Business Digest


June 28, 2005

In the Region

Emergent Bio acquires British vaccine maker

Emergent BioSolutions - the Gaithersburg maker of the only Food and Drug Administration-approved anthrax vaccine - announced yesterday it had acquired Microscience Ltd., a British vaccine company.

Terms of the deal were not disclosed, though Emergent said it involved a "share exchange agreement."

Microscience will be renamed "Emergent Europe" and operate out of its current facility near London, where it will continue work on its five vaccines, including one that protects against typhoid.

Credit outlook raised for Legg Mason

Legg Mason Inc., the Baltimore investment firm that agreed to take over Citigroup Inc.'s fund unit last week, had its credit outlook raised to positive by Standard & Poor's, suggesting the possibility of a rating increase.

S&P affirmed its "BBB+" rating on Legg Mason and lifted its outlook from stable, the rating company said in a statement yesterday. S&P cited Legg Mason's decision to swap its retail brokerage business for Citigroup's fund unit, and to buy hedge fund company Permal Group.

Legg Mason will become the fifth-biggest U.S. asset manager through the deals, which totaled more than $4.5 billion. The company gains "a more diversified mix of assets" and "increased economies of scale" in the process, an S&P analyst said in the statement.


Parts supplier gets negative review of outsourcing plan

Auto-parts supplier Lear Corp. said yesterday that it could cut up to 7,700 jobs globally and move some North American and European manufacturing facilities to cheaper countries, prompting Standard & Poor's Ratings Services to put the company on a negative credit watch.

Lear said its 12-month restructuring plan will cost the company up to $250 million, with about $30 million of that cost incurred in the second quarter of 2005.
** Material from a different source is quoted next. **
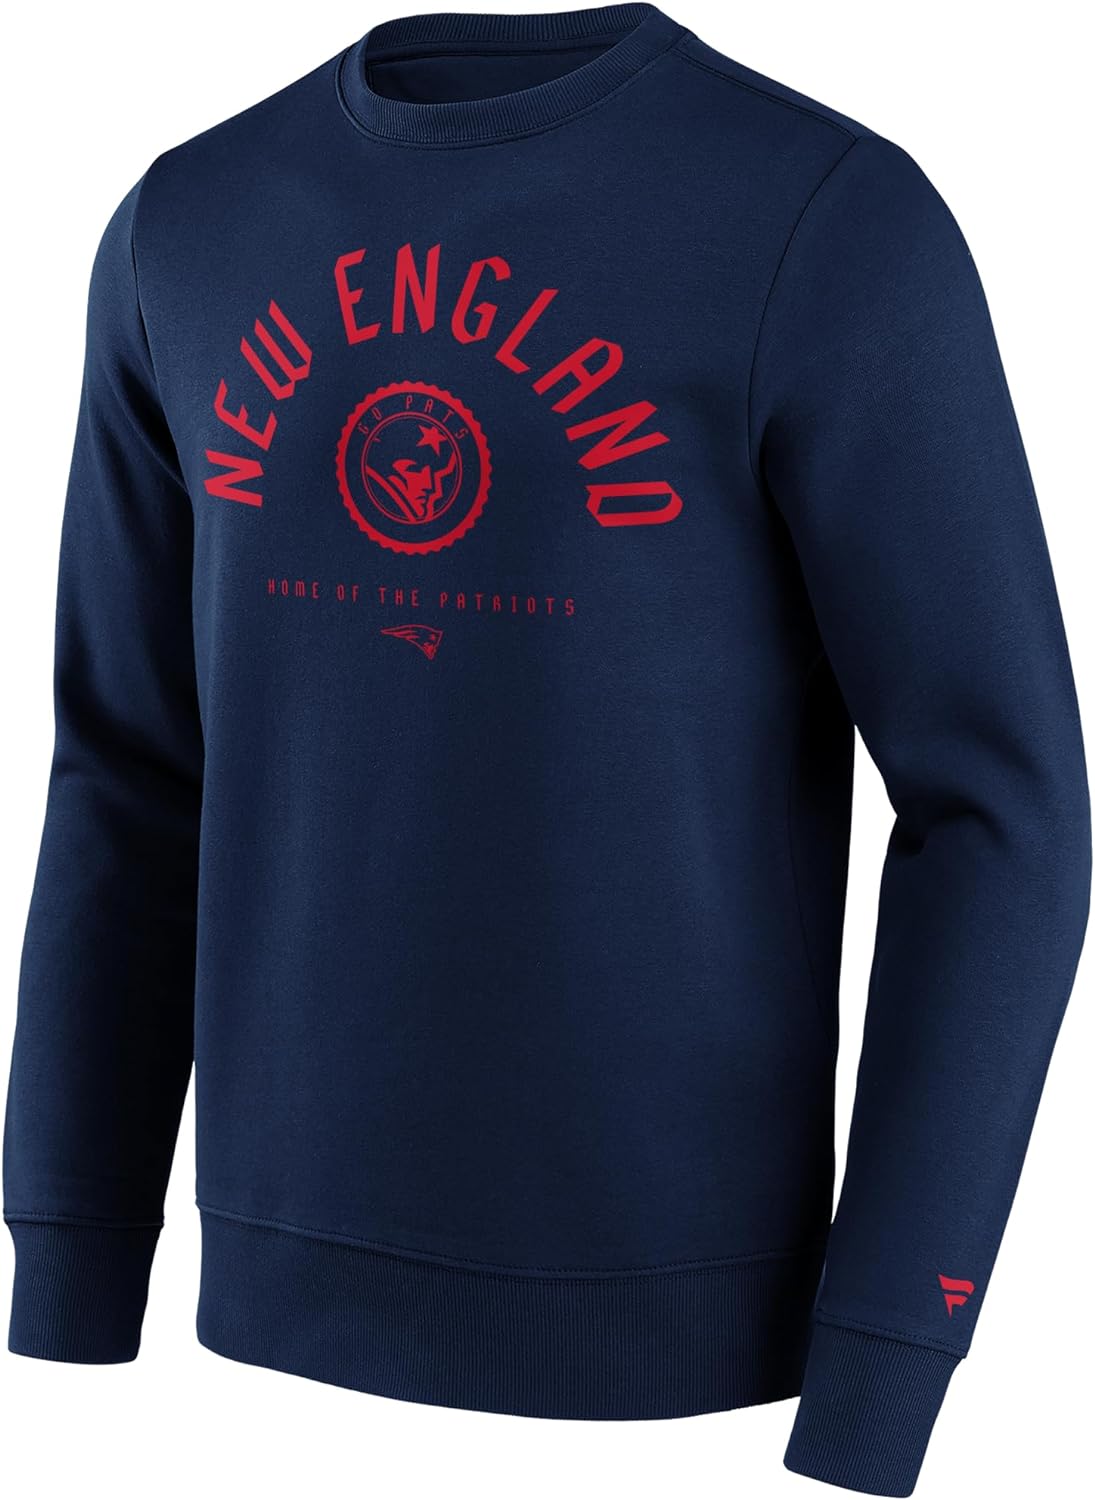 New England Patriots College Stamp Crew Sweatshirt

The company said five North American or European factories will be moved to cheaper sites and that some administrative functions will be affected. It did not say which factories would be closed.
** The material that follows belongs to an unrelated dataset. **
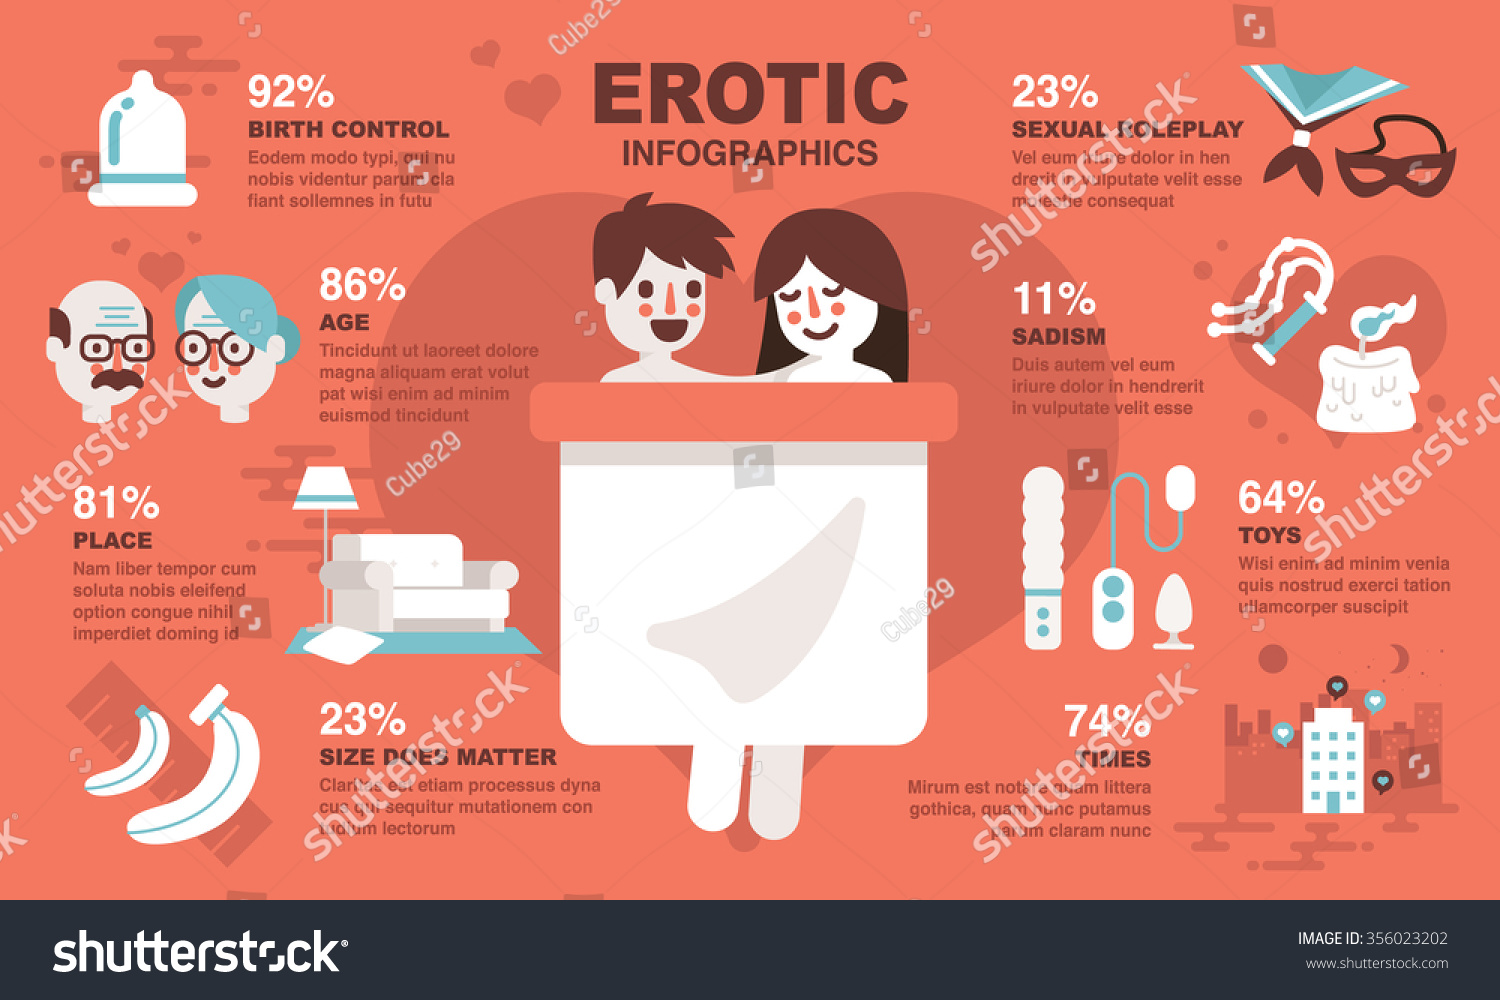 Erotic Infographics Included Graphic Data Info: стоковая векторная графика ...

Burger King opens its first outlet in China

Burger King opened its first Chinese outlet in Shanghai yesterday, hoping to take a bite out of rival McDonald's profits in the booming Chinese fast-food market.

The company-owned restaurant sits in the heart of the Chinese commercial hub just opposite a Buddhist temple. A large hamburger sign marks the opening.
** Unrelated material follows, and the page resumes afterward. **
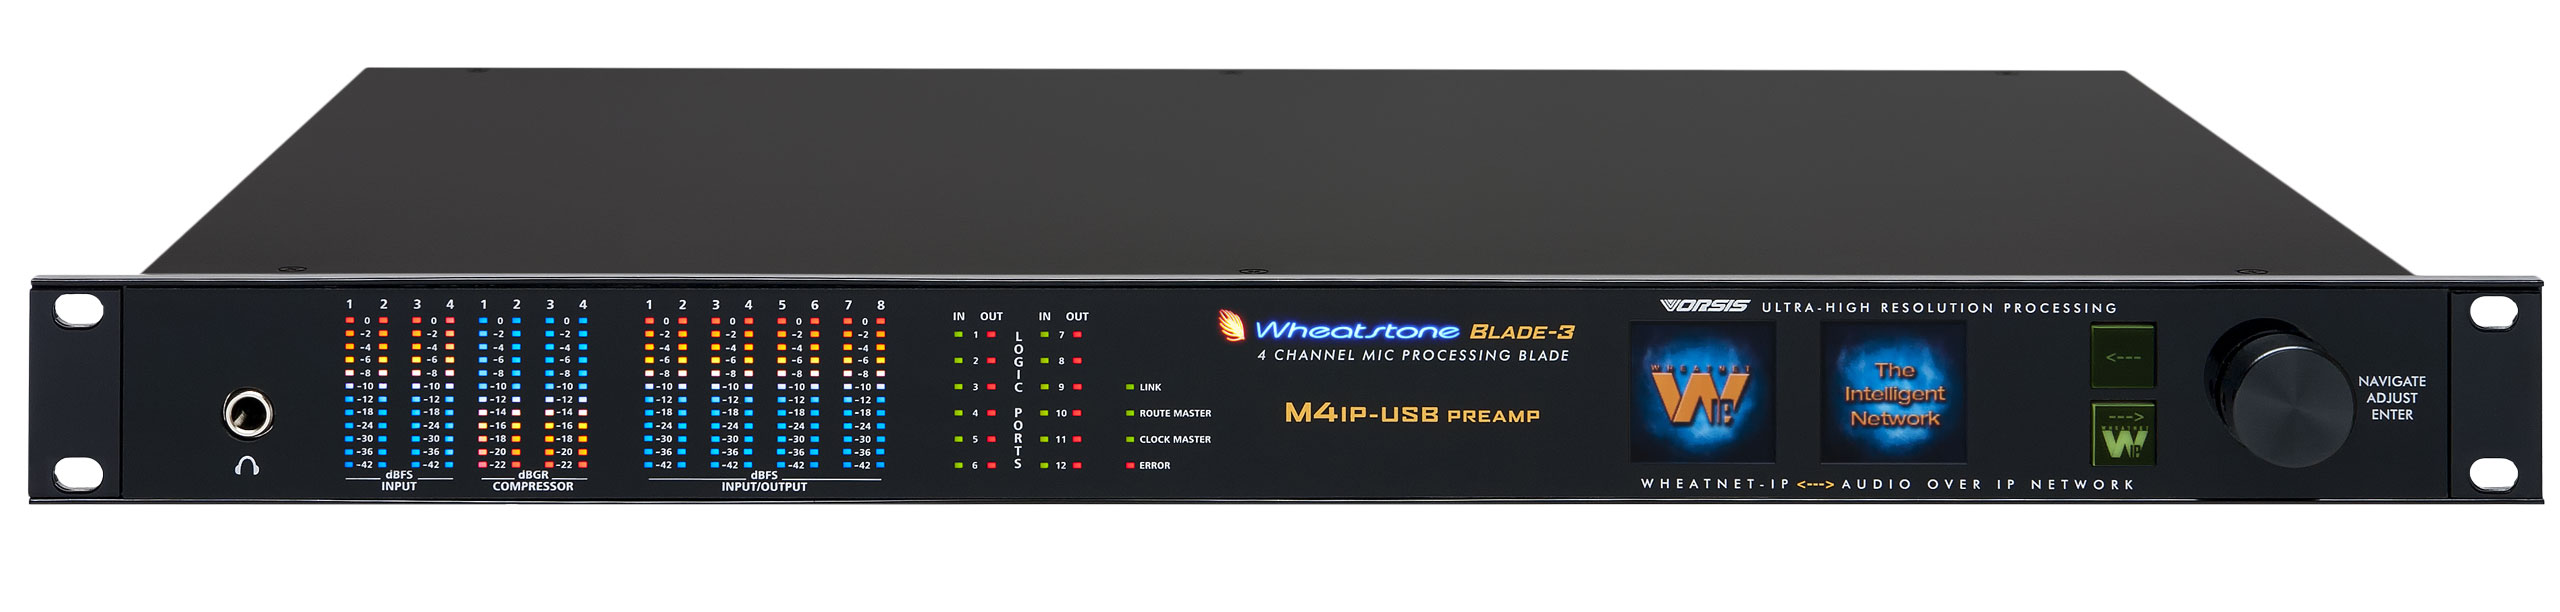 M4-IP USB 4-CHANNEL VOICE/MIC AUDIO PROCESSOR

Along with famous menu offerings such as the Whopper, the outlet will sell items customized to Chinese tastes, including a hamburger seasoned with the spicy mala sauce of southwestern China, the company said.

Glaxo drug barred from market returns

GlaxoSmithKline PLC has returned its anti-depressant Paxil CR to the market, nearly four months after federal officials seized the drug from three factories for failing to meet manufacturing standards.

The pharmaceutical company said Paxil tablets now are available in U.S. pharmacies and other markets around the globe will soon stock them as well.

Glaxo said it has identified and fixed the source of the manufacturing problems at its facilities in Knoxville, Tenn., and Cidra, Puerto Rico.

The improvements were certified by a third party, the company said.

Another drug that was seized, Avandamet, will return to distribution within two weeks, the company said. Avandamet treats Type II diabetes while Paxil treats depression and panic disorder.

UAL Corp. wants to raise debtor loan to $1.3 billion

UAL Corp., parent of the nation's No. 2 airline, United Airlines Inc., said yesterday that it wants to increase its debtor-in-possession loan commitment by an additional $310 million to $1.3 billion, according a filing with the Securities and Exchange Commission.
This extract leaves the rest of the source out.